Am ersten und vermutlich auch am bevorstehenden zweiten Spieltag der aktuellen Saison werden die Mannschaftskapitäne der Heimmannschaften einen Text der Sportverbände verlesen. Diese Aktion ist eine der Reaktionen, die beim Sicherheitsgipfel in Berlin beschlossen wurden, um das „Fanproblem“ und insbesondere den Einsatz von Pyrotechnik in den Griff zu bekommen.
Eben dem Sicherheitsgipfel, zu dem erneut keine Fanvertreter eingeladen waren, bei dem Vertreter der Verbände und Vereine über die Fans, statt mit ihnen gesprochen haben. Noch schlimmer wiegt, dass dort ein Verhaltenskodex ohne Einbezug der Fans ausgearbeitet wurde, der uns nun vorschreiben soll, wie wir unsere Fankultur ausleben sollen.
Aber wer gibt Politikern oder Leuten aus den Logen das Recht Fankultur zu definieren, ohne uns Fans zumindest zu fragen? Für uns ist klar, dass wir einen solchen Kodex niemals akzeptieren werden, da ihm in unseren Augen jede Legitimation fehlt. Dabei spielt es keine Rolle, dass viele Punkte auch für uns Selbstverständlichkeiten sind.
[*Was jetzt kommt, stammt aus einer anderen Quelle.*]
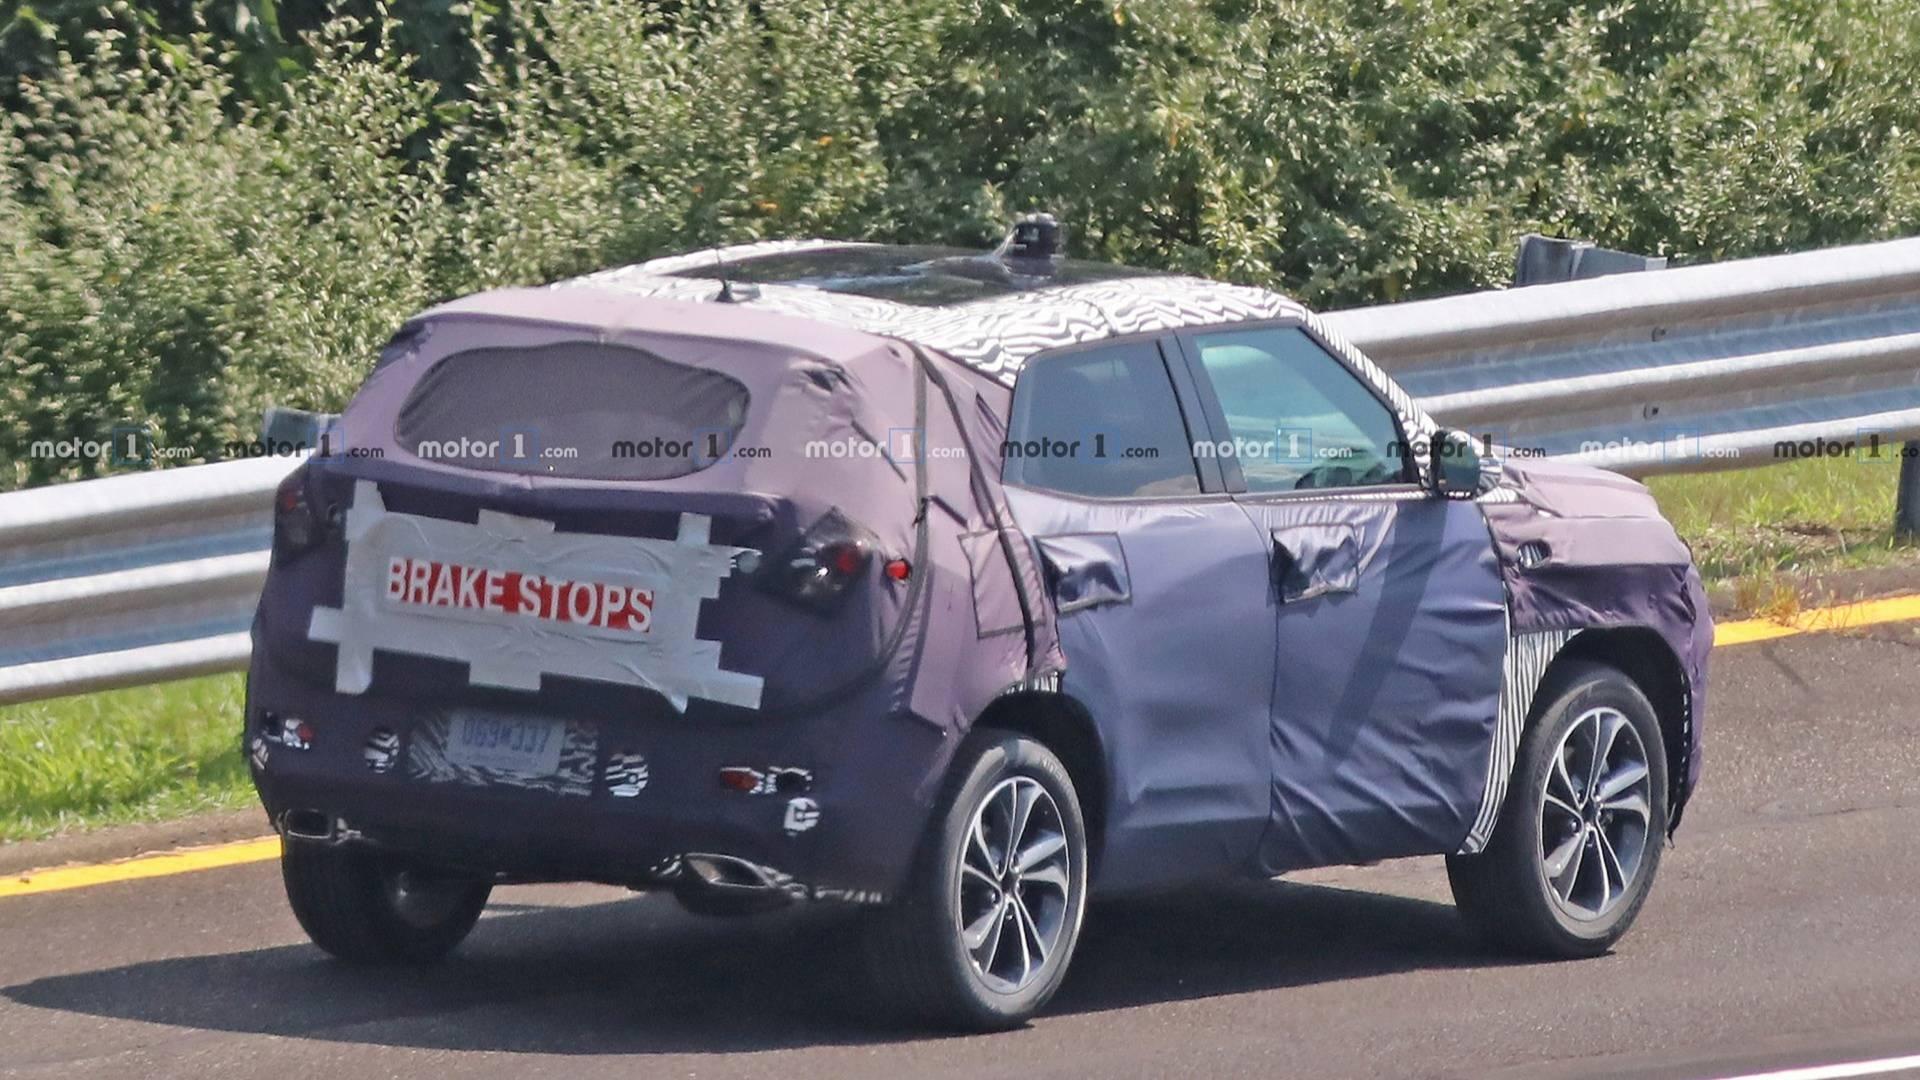 VWVortex.com - Redesigned 2020 Chevrolet Trax SUV Spied ...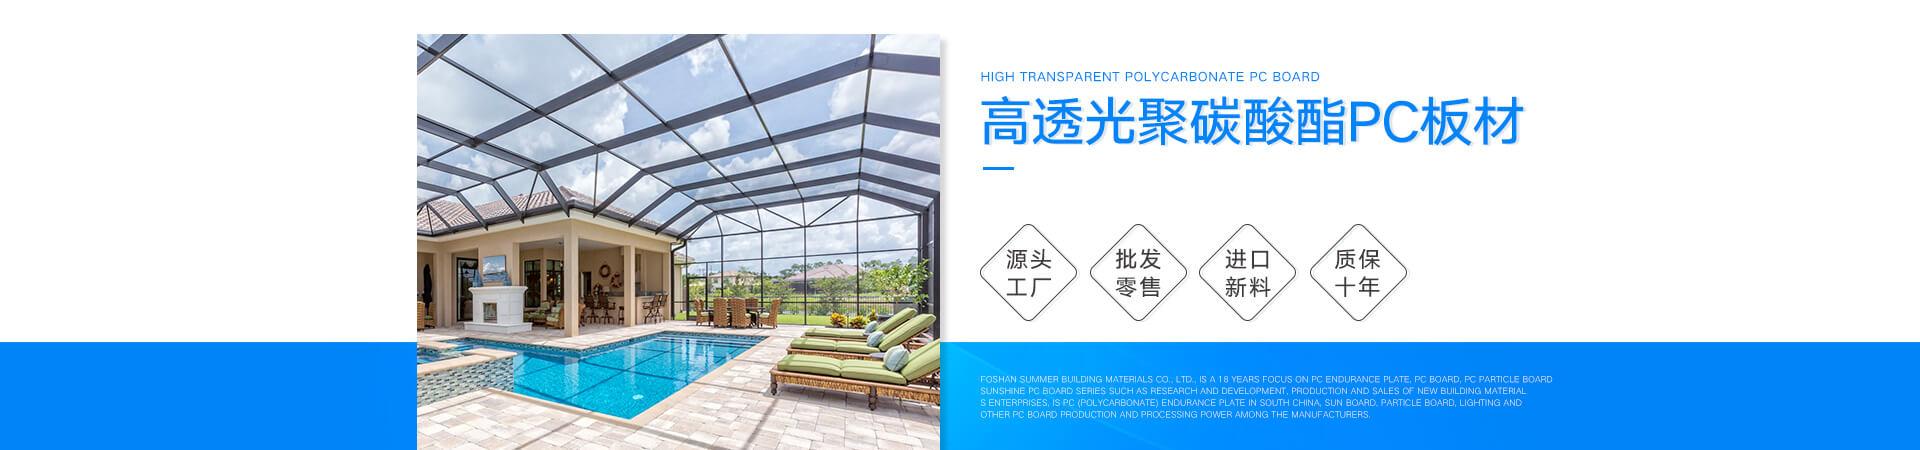 阳光板价格_耐力板批发_透明PC板厂家[松夏建材]广东正宗PC板厂家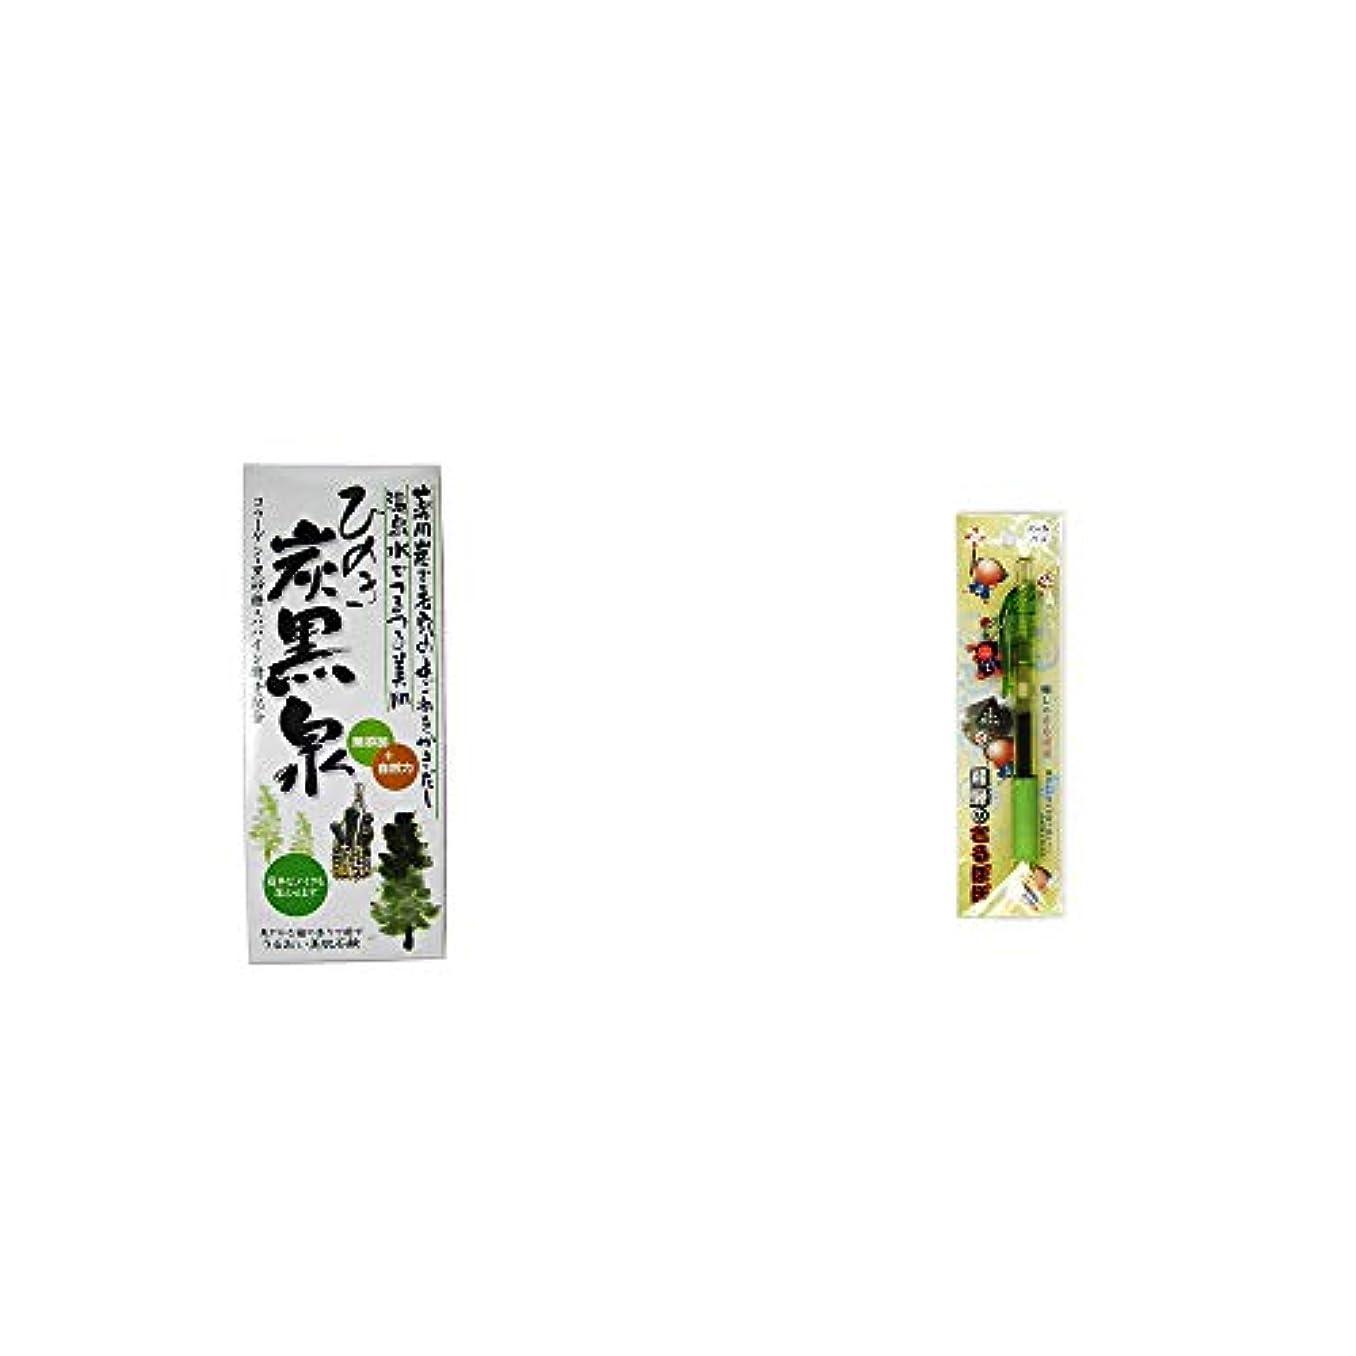 書店牧師郵便局[2点セット] ひのき炭黒泉 箱入り(75g×3)?さるぼぼ 癒しボールペン 【グリーン】

Der verlesene Text richtet sich gegen Gewalt, Rassismus und Böller, was allesamt absolut nachvollziehbare und unterstützenswerte Aufrufe sind. Im selben Atemzug wird aber auch der Einsatz von Bengalos genannt, was ein rhetorisch nicht ungeschickter, aber dennoch leicht durchschaubarer Schachzug seitens der Verbände ist. Hier wird bewusst daran gearbeitet, den Einsatz von Pyrotechnik weiter zu dämonisieren und den Fans so jedwede Lobby für ihre Legalisierungsbemühungen zu nehmen, indem Bengalos in einen Topf mit Rassismus oder Gewalt geworfen werden. Anstatt den Dialog zu suchen und tatsächlich ergebnisoffen zu diskutieren, täuschen die Offiziellen die Öffentlichkeit immer wieder mit falschen Behauptungen. Mal mit einer tendenziösen Umfrage, mal mit einem falsch ausgelegten Rechtsgutachten. Das Thema ist leider derartig komplex, dass man den Ottonormalfan schnell mit einigen Schlagworten davon überzeugen kann, dass es sich nur um Randale und Chaoten handele. Ein sachlicher Diskurs, bei dem die Fans argumentativ wirklich erstaunlich gut aufgestellt sind, wird so im Keim erstickt.
Der nun verlesene Text ist für uns daher kein ernst gemeintes Bekenntnis gegen Gewalt, Rassismus oder Böller, sondern ein populistischer, von oben oktroyierter Versuch das Stadionpublikum gegen Pyrotechnik aufzuhetzen. Schon in Freiburg hat die USM unter dem Motto „DFB-Wahnsinn abpfeifen“ eine Protestaktion mit Hilfe des Einsatzes von Trillerpfeifen bei der Verlesung des Textes durchgeführt. Wir unterstützen diesen Protest, da wir die Formulierungen als manipulativ und fernab jeder Sachlichkeit empfinden. Sollte der Text auch am Freitag verlesenen werden, sollte es egal sein, wie die Reaktionen im Stadion dann aussehen. Uns ist sehr bewusst, dass ein Großteil diesen Text unreflektiert abnickt und ihn mit Applaus belegt. Jeder sollte daher in der Lage sein, andere Meinungen zu akzeptieren. Da brauch es keine in die Luft gereckten Mittelfinger oder wilden Pöbeleinlagen! Trotzdem möchten wir euch alle bitten, ganz genau über diesen Text nachzudenken. Auch wer dem Einsatz von Pyrotechnik kritisch gegenübersteht, sollte die hier angewandte Methodik hinterfragen.